“to be”


There is no verb in Hausa for “to be.” Instead pronoun modifiers or other identifiers are used.

There are multiple ways to express “to be” in Hausa.


Form I: The English verb “be” is represented by the word (not verb) ce or ne. Ce is used if the thing being identified is feminine, while ne is used if it is masculine or plural. If there is more than one noun in a sentence and those nouns have differing genders, there is no grammatical rule that determines whether to use ce or ne.

For example:

Wannan jarida ce = This is a newspaper (newspaper is feminine)

Wancan cokali ne = That is a spoon (spoon is masculine)

Wad’annan jaridu ne = These are newspapers

Wad’ancan cokula ne = Those are spoons


Personal pronouns

Sentences are formulated in the same way as above, replacing that/these/those with a personal pronoun such as he (shi) or she (ita).

For Example

Shi Bahaushe ne = She is Hausa

Ita Bazaberme ne = He is Djerma

**When spoken, ne or ce will always have the tone opposite the preceding syllable. 
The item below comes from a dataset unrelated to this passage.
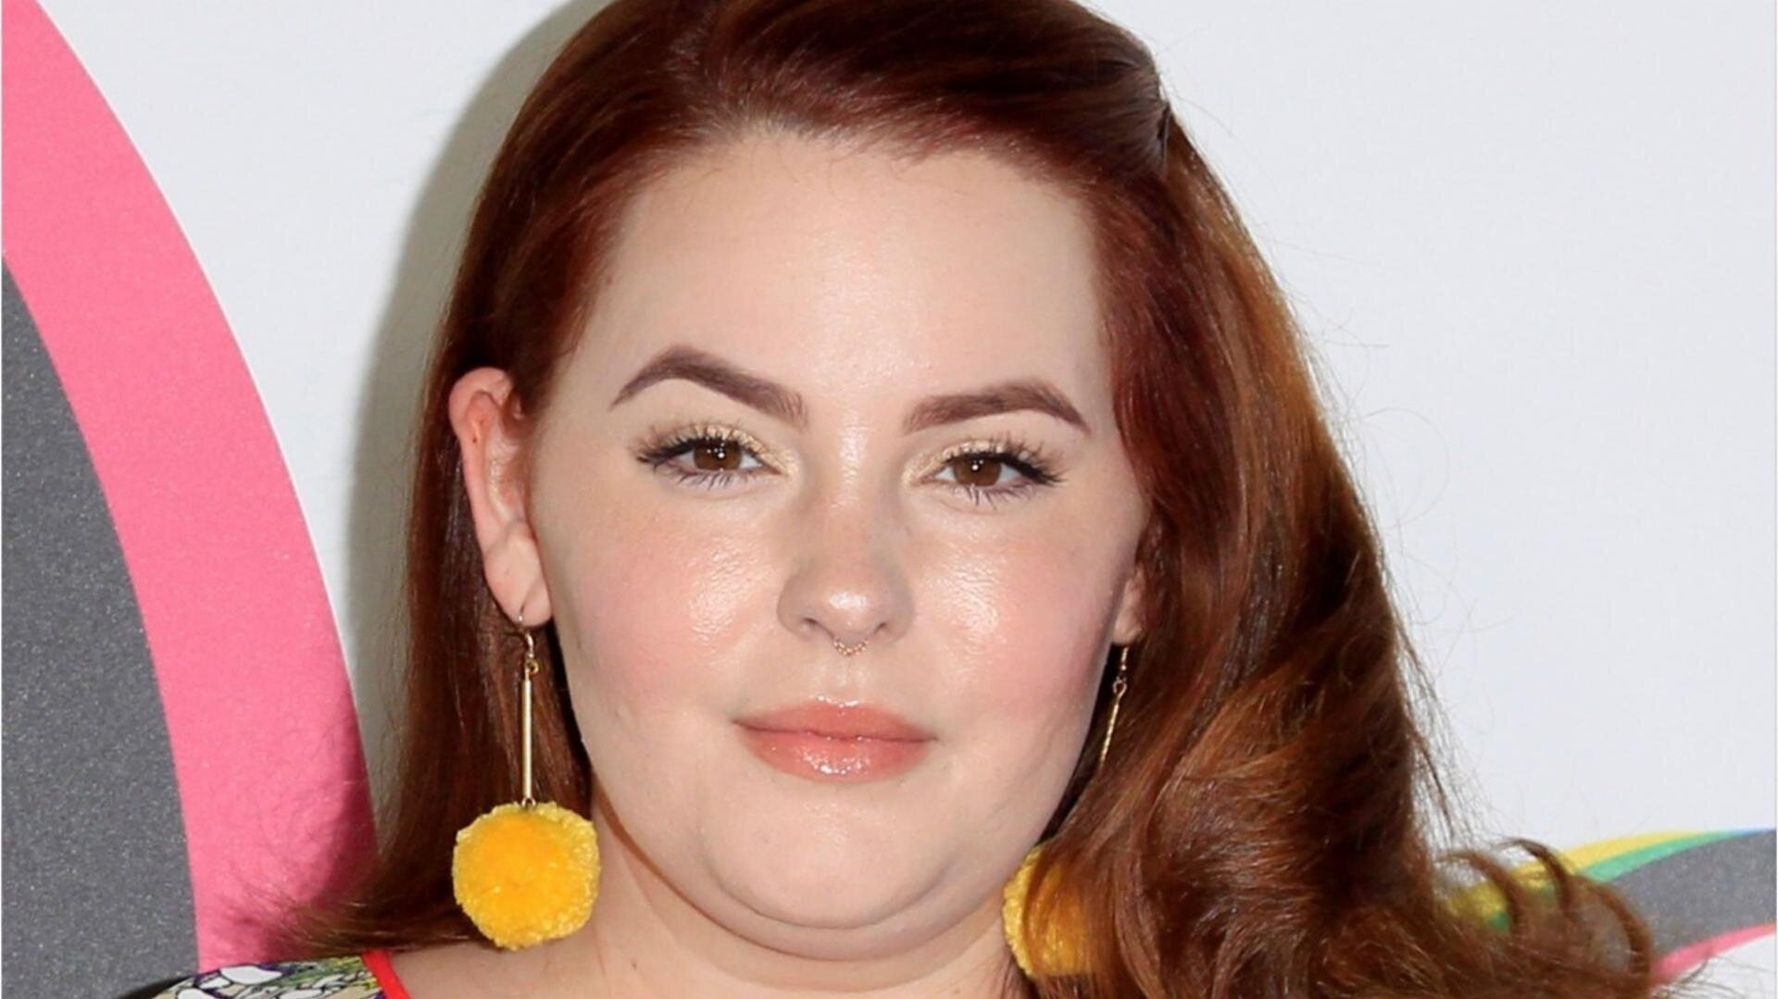 Tess Holliday blasts App for 'stealing' pictures and airbrushing

Form II: The English verb “be” is represented by the pronoun (not verb), often referred to as the -ke form.

For background: 

from daga
I ni
you (masculine) ka
you (feminine) ki





For Example

Daga Nijar nike = I am from Niger

Daga Amurkia kake = You (m) are from the United States

Daga Gana kike = You (f) are from Ghana


**Note: Although it is possible to use either form, Form II is often used when the word order is turned around (as in a question) or when a word or expression is placed first in the sentence for emphasis.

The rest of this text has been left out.